4 comments or Leave a comment
psychohist From: psychohist Date: July 22nd, 2013 04:22 am (UTC) (Link)
I would note several things.

1. I don't agree any domestic surveillance needs to be done without warrants. If the government is acting for the people, it need not fear that the number of people who are threats will be too large to get warrants for.

2. They are reading your email whether or not it's international. Warrants are required for email only before it is opened. Most people use IMAP servers for email, which leave the email on the server; this means the NSA can grab your email between the time you open it to read it and the time you delete it. Not that the NSA bothers with warrants anyway, since they don't do the prosecutions and thus don't care about the exclusionary rule.

3. There is a simple technological solution. Asymmetric key cryptography permits everyone to publish a public key which can be used to encrypt email to them in a form even the NSA can't break; standardizing email clients to encrypt all email before it is sent to the server would make it private again. Unfortunately, the big email providers, such as Google, are in bed with the NSA and so avoid providing any such option.
greyautumnrain From: greyautumnrain Date: July 22nd, 2013 02:20 pm (UTC) (Link)
Since it seems it wasn't clear, I think warrants should be required for any interception of email/physical mail/telephony/etc. I am OK with law enforcement going and showing a judge probably cause and then getting a warrant for communication to and from a specific individual, like a suspected mob boss.

I would also prefer that email be standardized to encrypted. I am very aware that anything I send unencrypted could be packet sniffed and reassembled at any intermediate point. I know how to do that, though it's time consuming. I don't think the fact that the government could use it's ownership of internet infrastructure to do that (if they had tons of disc space and manpower) is an excuse for the large service providers to just give them access to their servers.

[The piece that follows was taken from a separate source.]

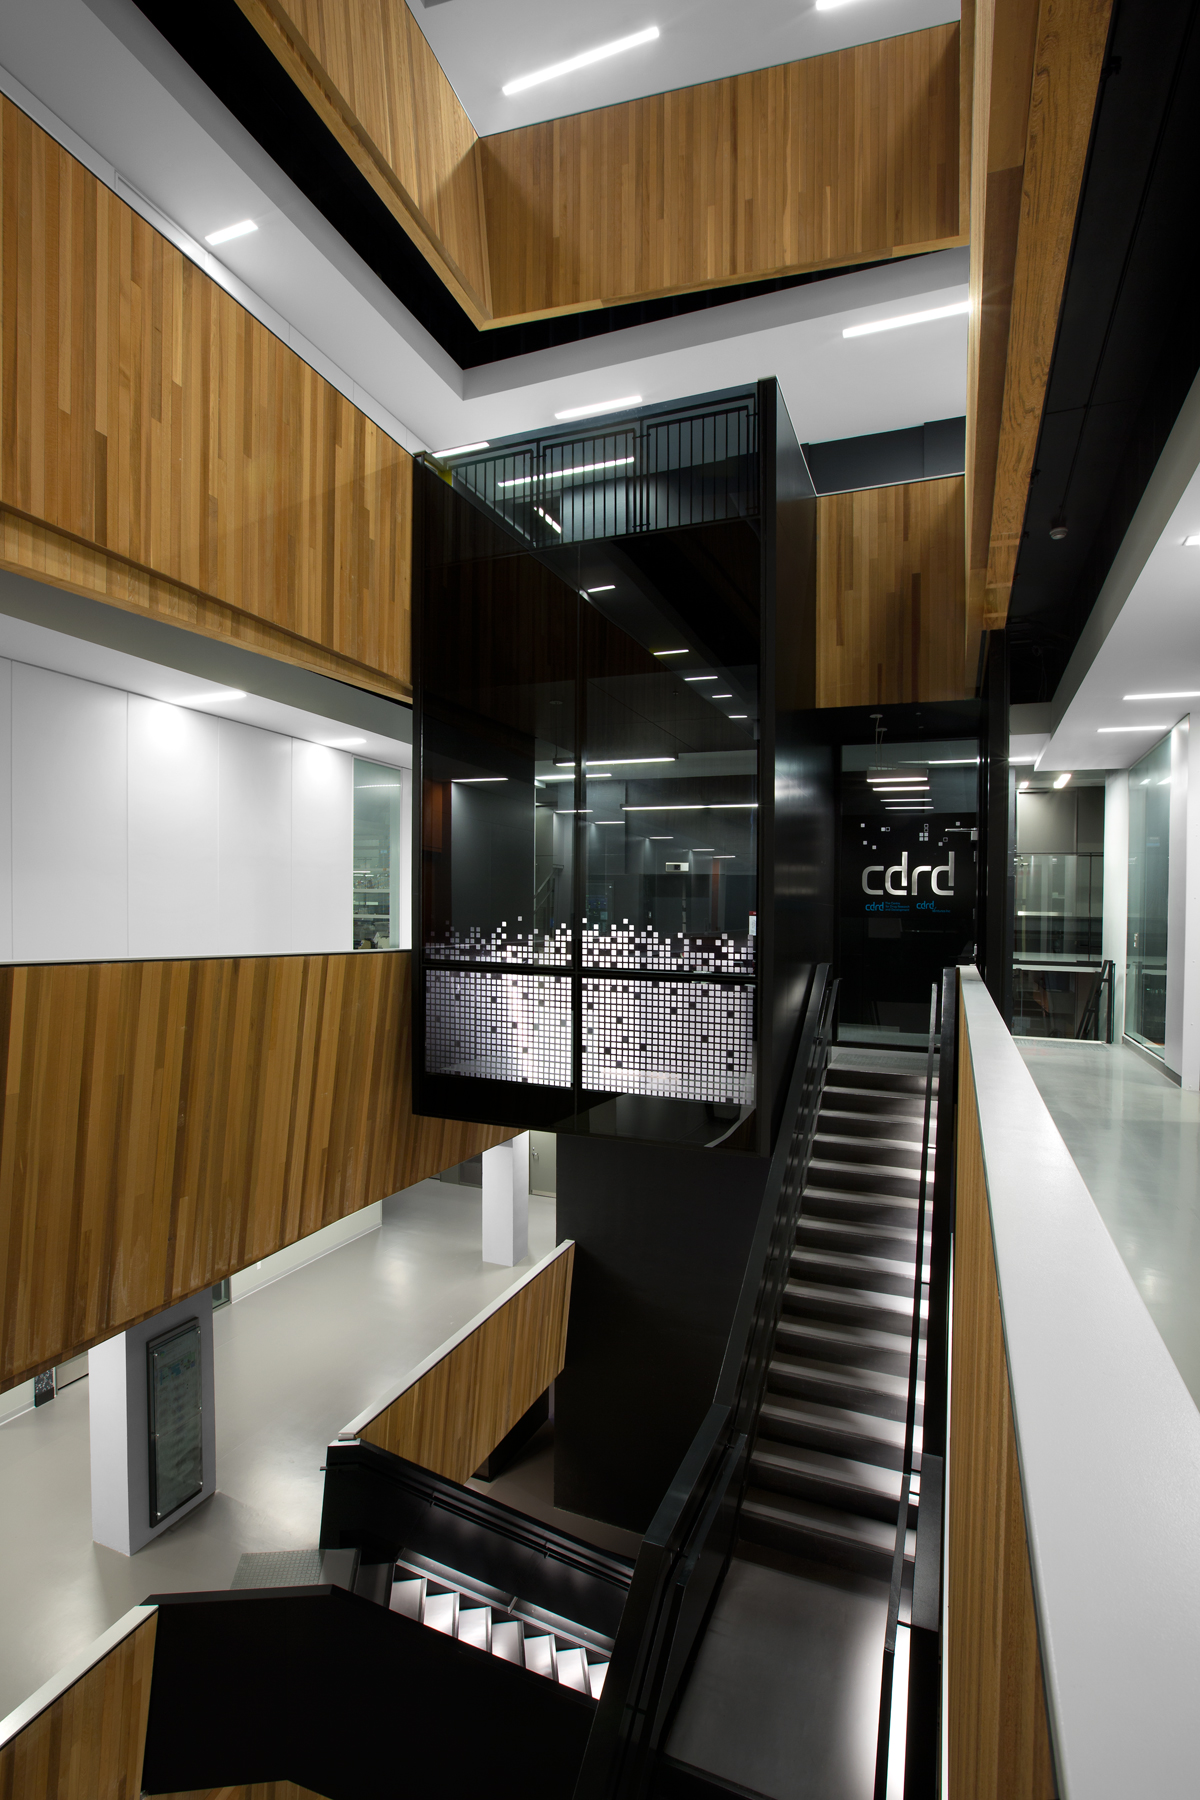 Multi storey stairwell interior image showing prominent use of exposed wood throughout the building, including wall cladding in the atriums, exposed wall guard protection and trim

Just FYI one of the news pieces said that if you send your email encrypted that made it more likely that the NSA would store it and try to read it, because obviously if you are encrypting your email you have something to hide. (Never mind that various regulations require financial service providers and medical service providers to send all sorts of things securely.)
psychohist From: psychohist Date: July 22nd, 2013 06:58 pm (UTC) (Link)
I think that if a major email provider like Google started using cient side encryption by default, that would result in such a large volume of encrypted email that the NSA could no longer usefully focus on it.
dcltdw From: dcltdw Date: July 22nd, 2013 02:31 pm (UTC) (Link)
Well, the usual way, right? By electing people who respond to us and not moneyed interests. Unfortunately, politics at most levels are captured by that.